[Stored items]
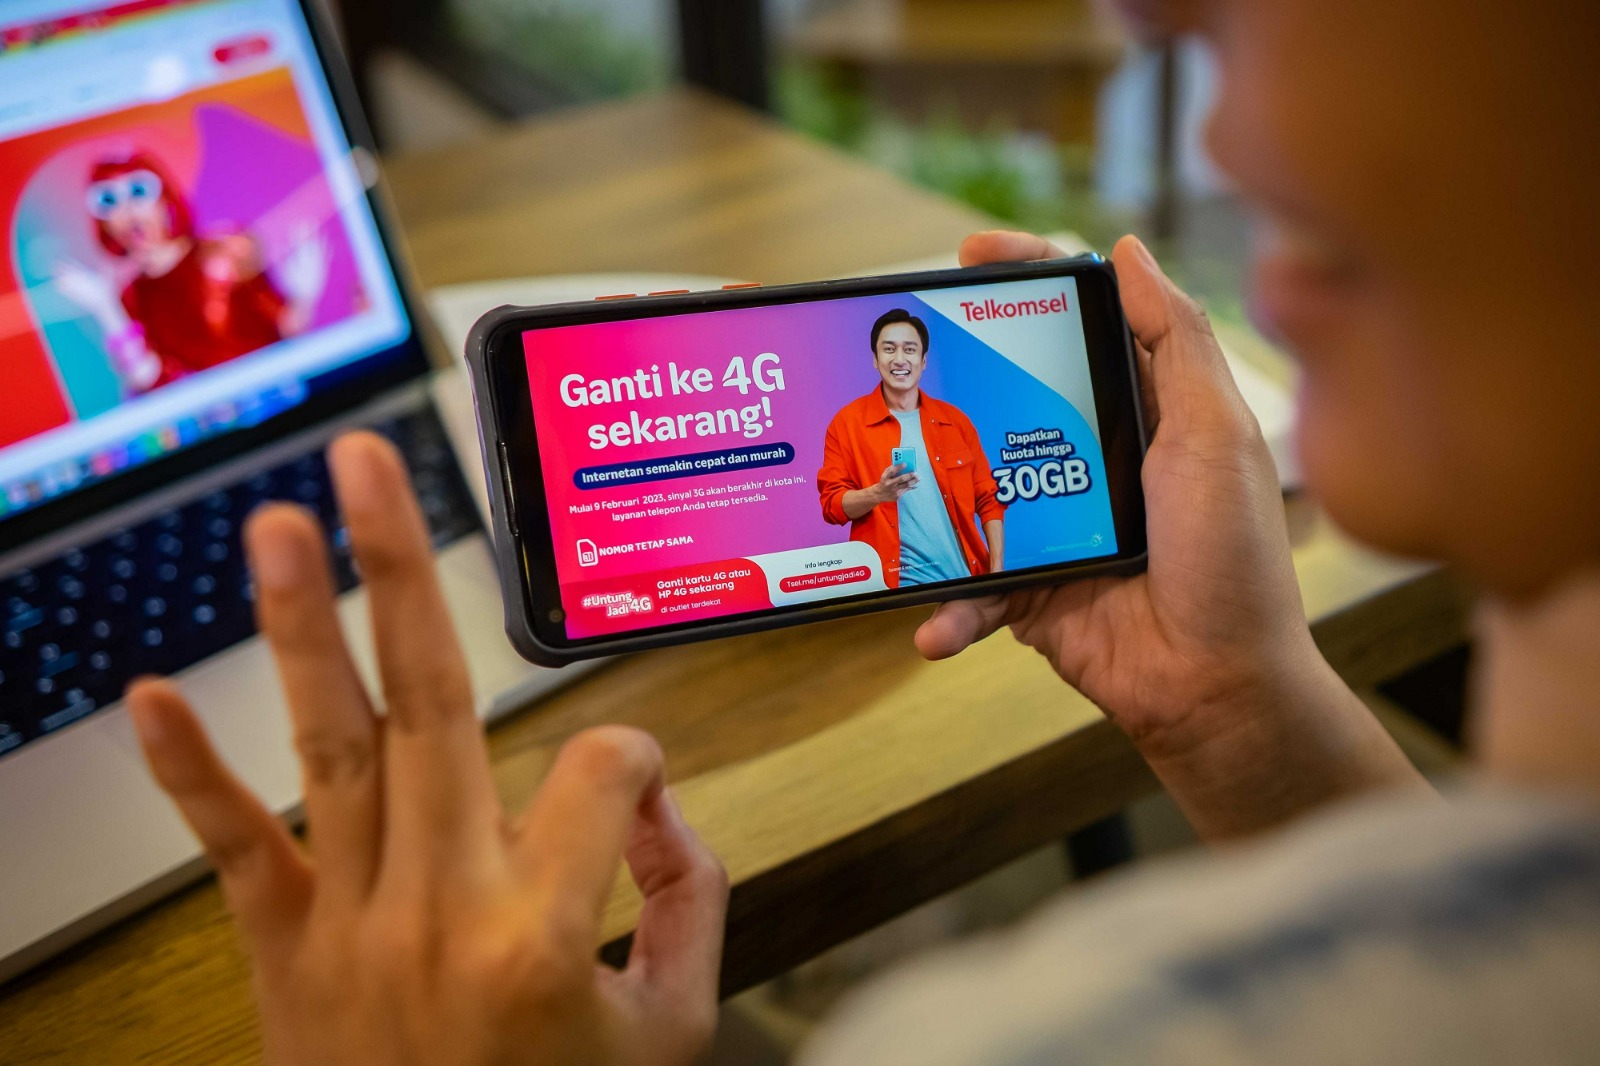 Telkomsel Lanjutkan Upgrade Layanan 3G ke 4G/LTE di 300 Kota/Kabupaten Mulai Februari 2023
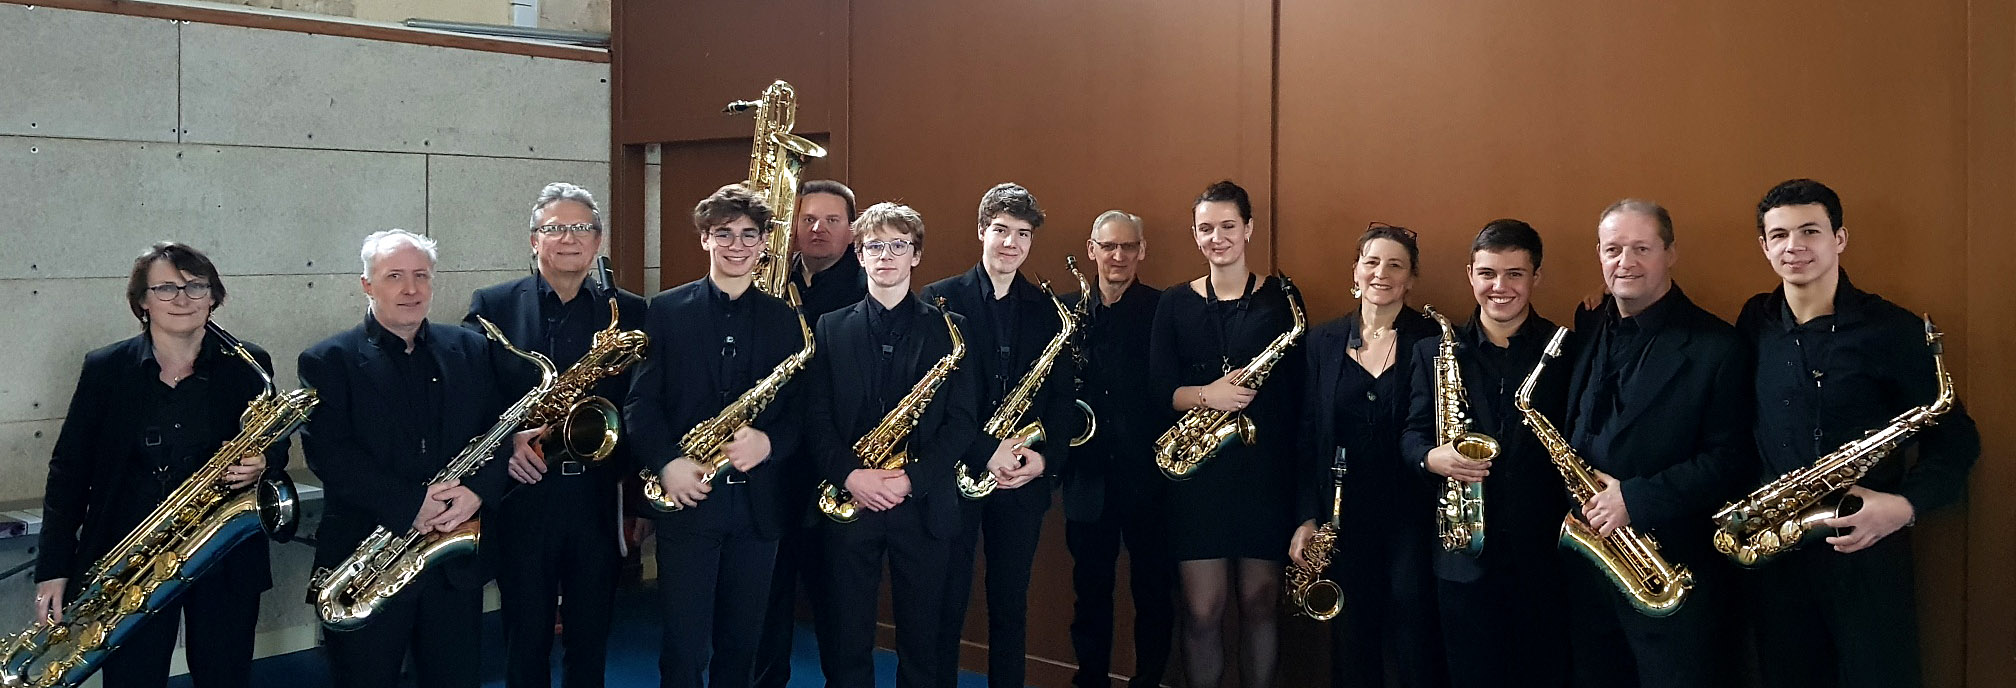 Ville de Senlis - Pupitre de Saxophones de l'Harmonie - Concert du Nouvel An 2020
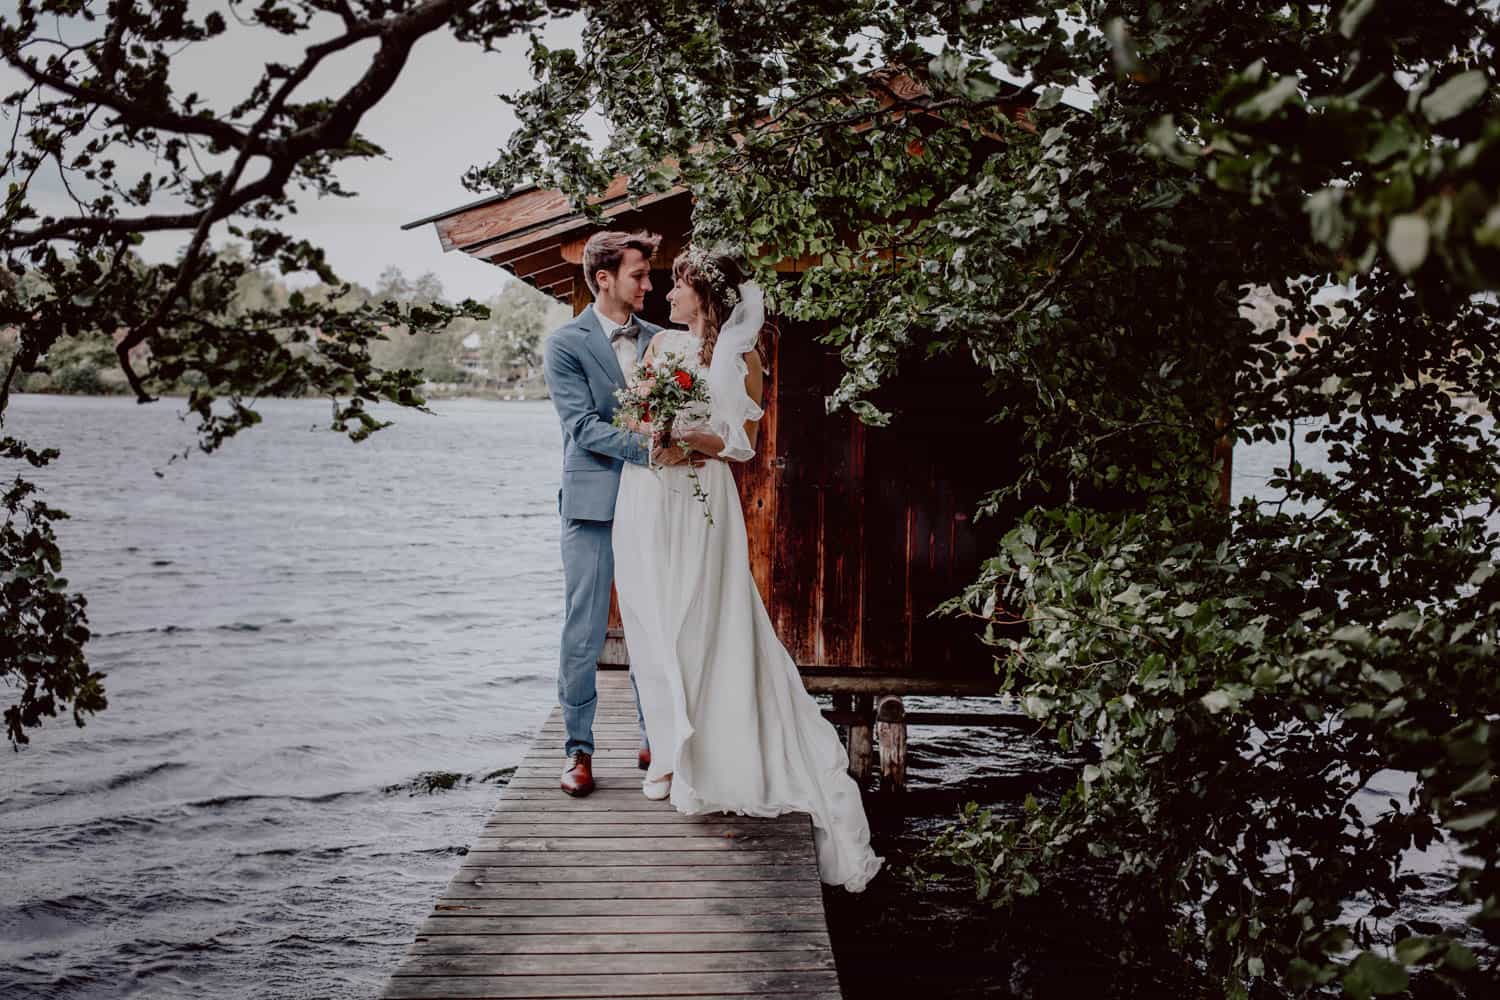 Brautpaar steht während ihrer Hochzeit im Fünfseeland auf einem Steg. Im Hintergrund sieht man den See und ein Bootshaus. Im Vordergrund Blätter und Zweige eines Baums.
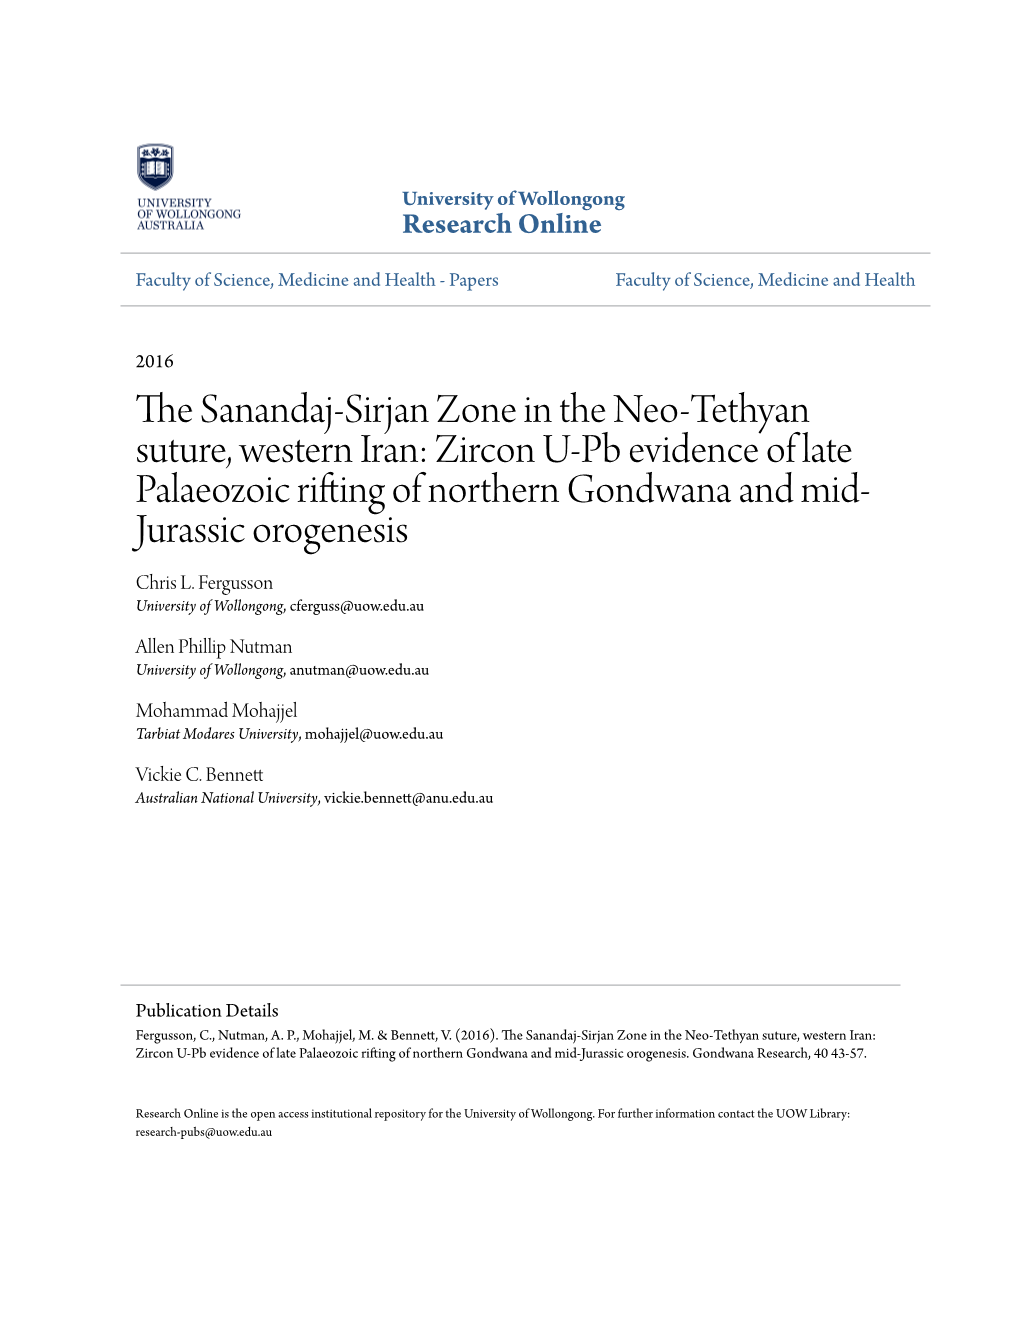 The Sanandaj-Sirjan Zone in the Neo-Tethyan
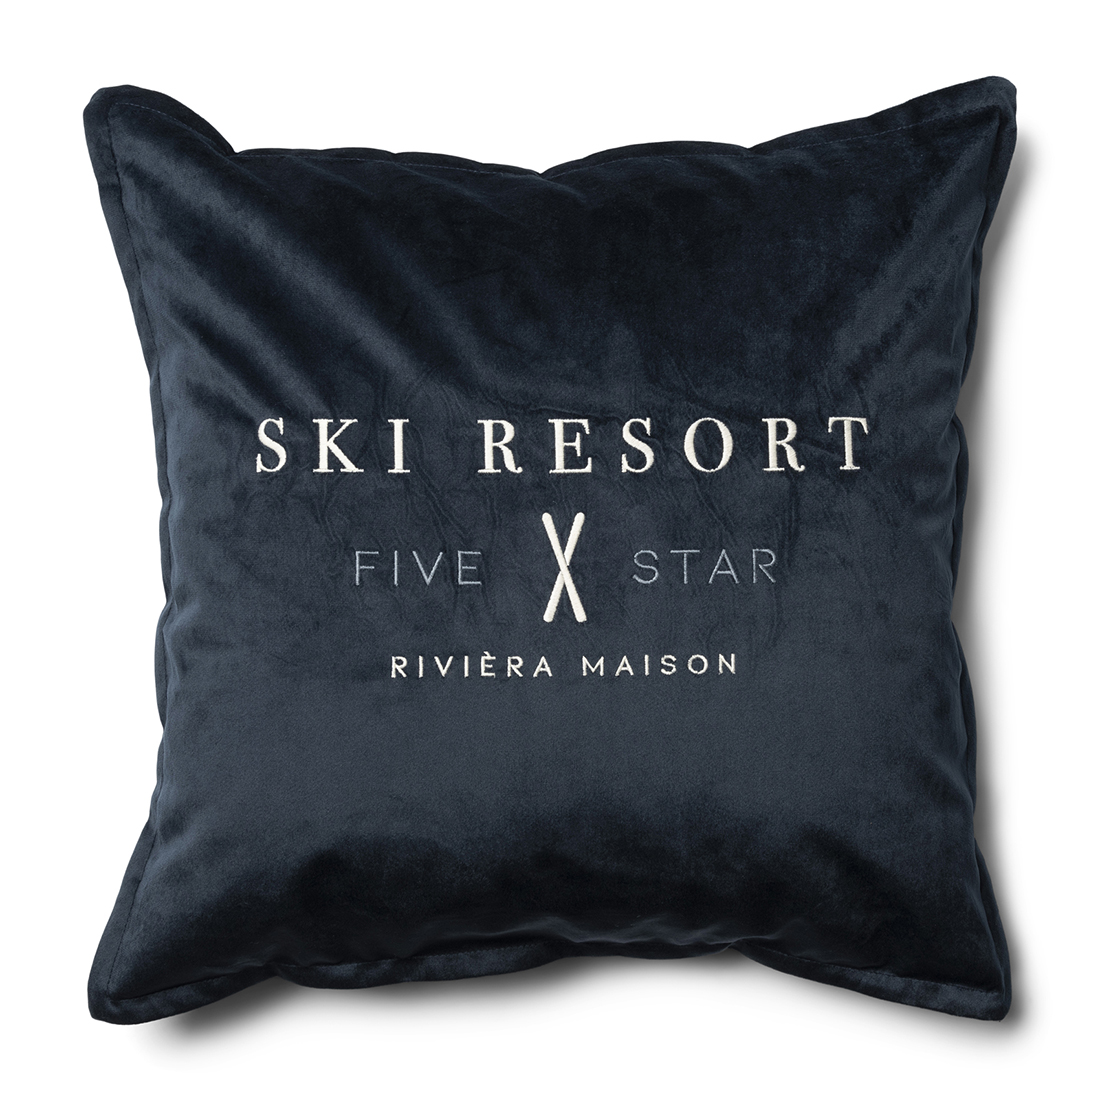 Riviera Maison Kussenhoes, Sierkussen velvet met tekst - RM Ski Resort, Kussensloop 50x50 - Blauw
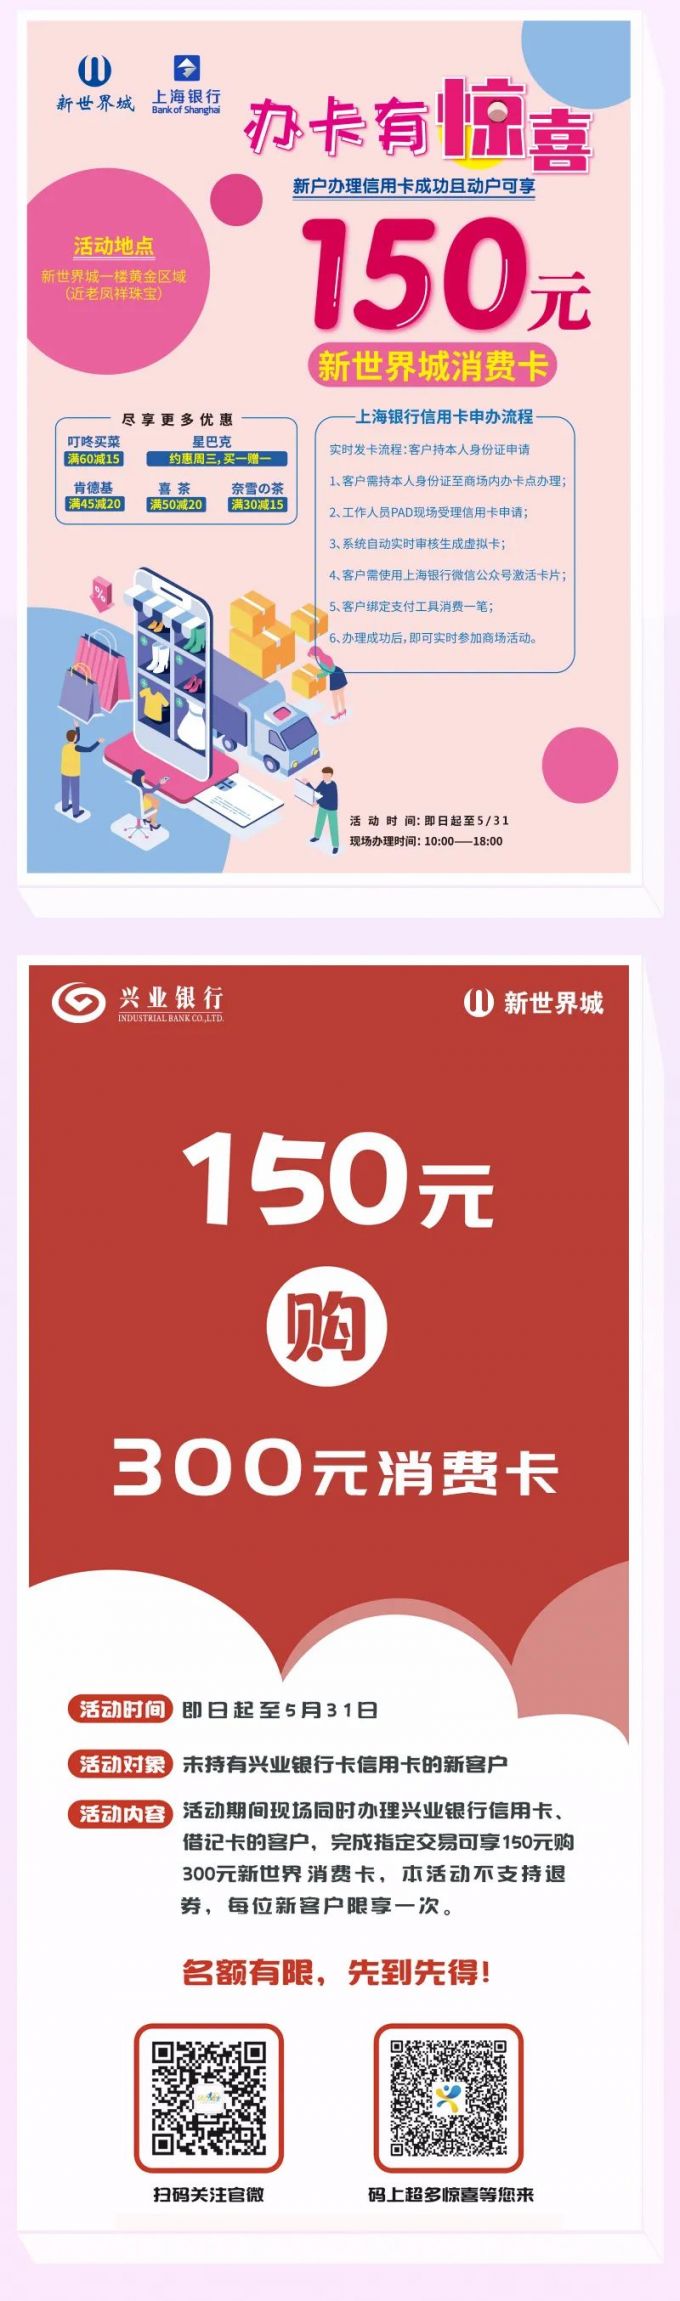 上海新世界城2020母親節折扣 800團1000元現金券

**Problem to solve**
Could you set down nothing but the lines from the one containing "Riviera Maison Kussenhoes, Sierkussen" through the last line of the records above, both ends included, exactly as given and free of pictures?

**Exercise response**
 Riviera Maison Kussenhoes, Sierkussen velvet met tekst - RM Ski Resort, Kussensloop 50x50 - Blauw
 上海新世界城2020母親節折扣 800團1000元現金券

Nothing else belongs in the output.